Google, Facebook and Amazon are not surprisingly at the top, not only because they are among the largest in the Fortune 500, but because their whole business is built on data. The largest telco, CPG, retailer and financial service brands follow as large data producers, given how many people and how often they touch their lives.
Yet there are still large differences among the Fortune 500 in the amount of data they have.
An easy way to think about the distribution of data wealth is to consider Zipf’s Law, which states that, given a large sample, the frequency of any one thing is inversely proportional to its rank in the frequency. So the #2 ranked thing is ½ the size of #1 and the #3 thing is the size of #1.
This empirical law has been demonstrated in many classes of data relating to people and human activity, such as city sizes, corporation sizes, language and more.
Applying Zipf’s Law, the largest owner of advertising data would have twice as much data as the next one. This means the top 50 would have more data than the next 450 of the Fortune 500 companies ranked by data collected.
In truth, many brand marketers that say they do a lot of data-driven marketing actually don’t generate or access much data when you consider where they might be even in this group of 500, with a data base already far larger than the 6 million-plus digital advertisers worldwide. Instead, many marketers have to rely on borrowing from the one or two leading publishers that own most user data. There are thus data owners and data renters.
The largest data owners have built sophisticated data practices. They historically hired data scientists, built data lakes and deployed data analysts to maximize their investment. They value the data because they know what it can do for their strategy, but they can also be most vulnerable to swings in fortune by having so much to lose.
This division is about to get worse with tightening restriction to data. First, GDPR in Europe and California’s new law restricts data collection by companies and requires greater consumer permission to use their data.

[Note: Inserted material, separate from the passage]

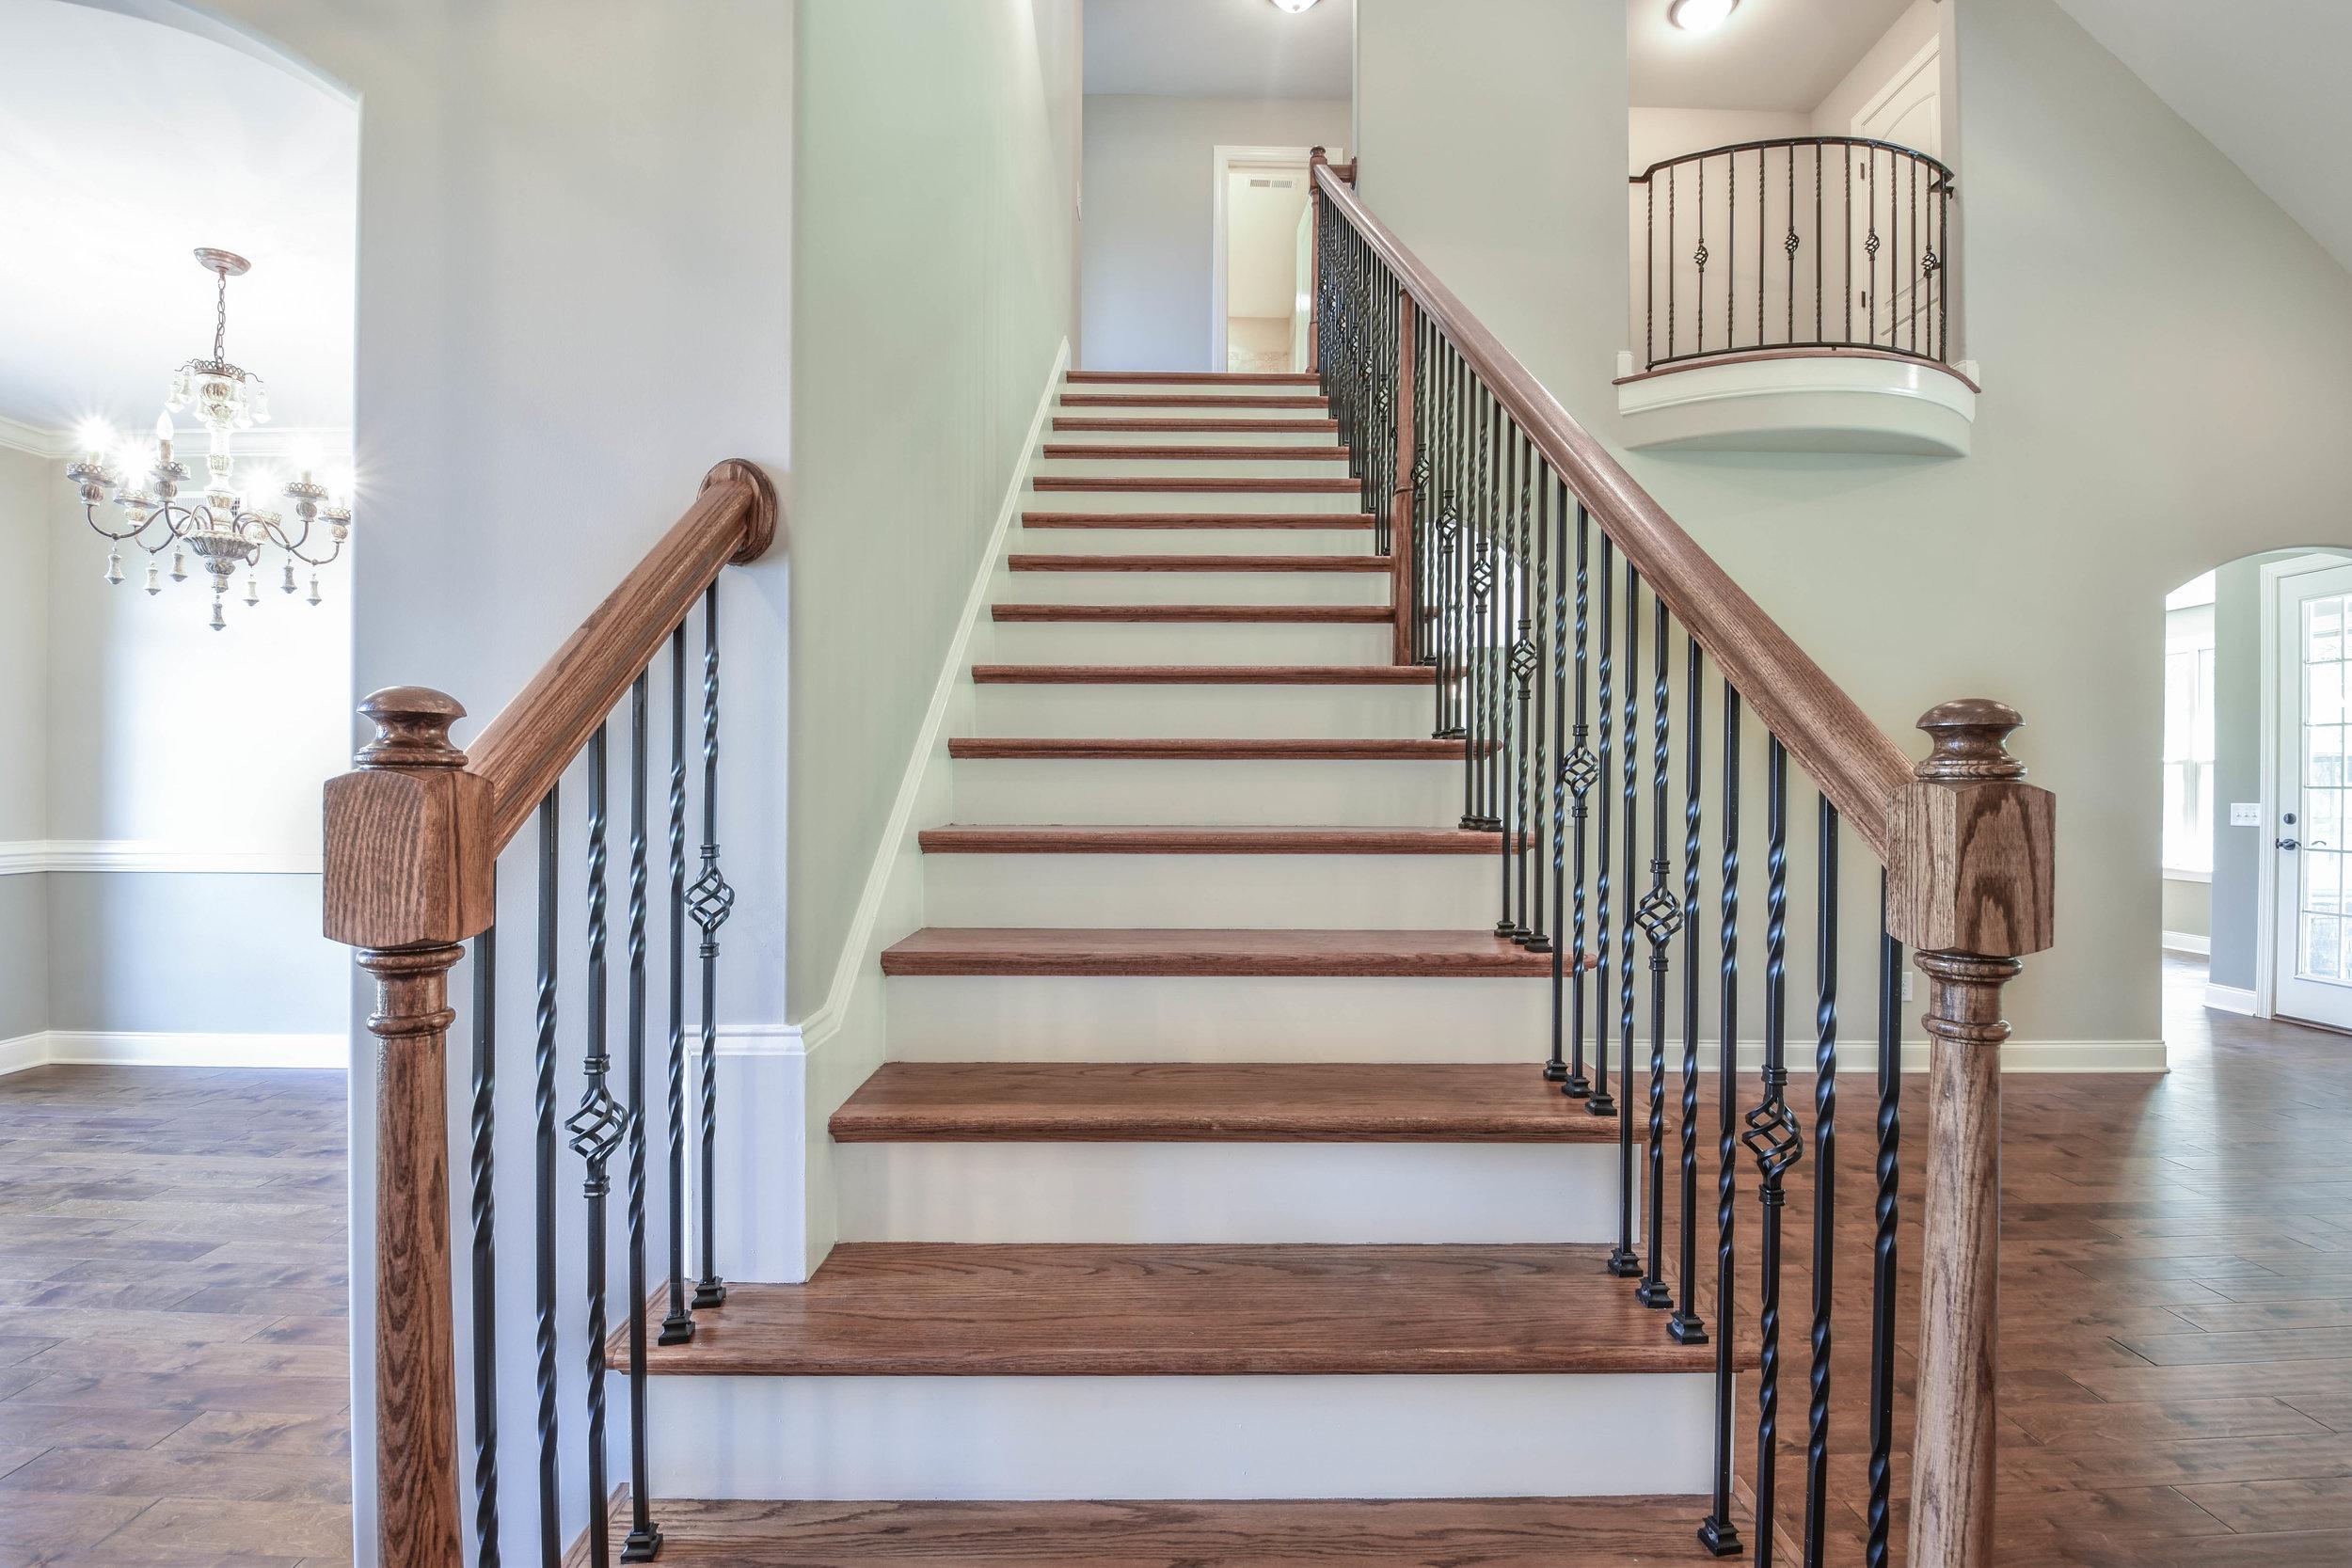 21.Stairs.jpg

These regulations, as a result, make it easier for the largest platforms that touch the most people, especially if it’s a free service, to collect the most data.
Also, Google has decided to shut off all sharing of DoubleClick IDs in log-level data of ads run through its advertising platform by the end of the year. This decision means advertisers who relied on generating most of their data through advertising and reaching more consumers than they currently have a direct relationship with will lose that vital source to learn and improve their advertising strategy.
Perhaps one outcome of these factors is that, among advertisers, everyone will be more equal, but poorer. Redistribution of wealth may narrow the gap between the top and bottom some, but can lead to an even larger gap from the very top and the rest.
It will take strong action and commitment to owning the data to change fortunes. As Marcus Startzel, SVP of AppNexus, says, "If you are a brand, you must demand."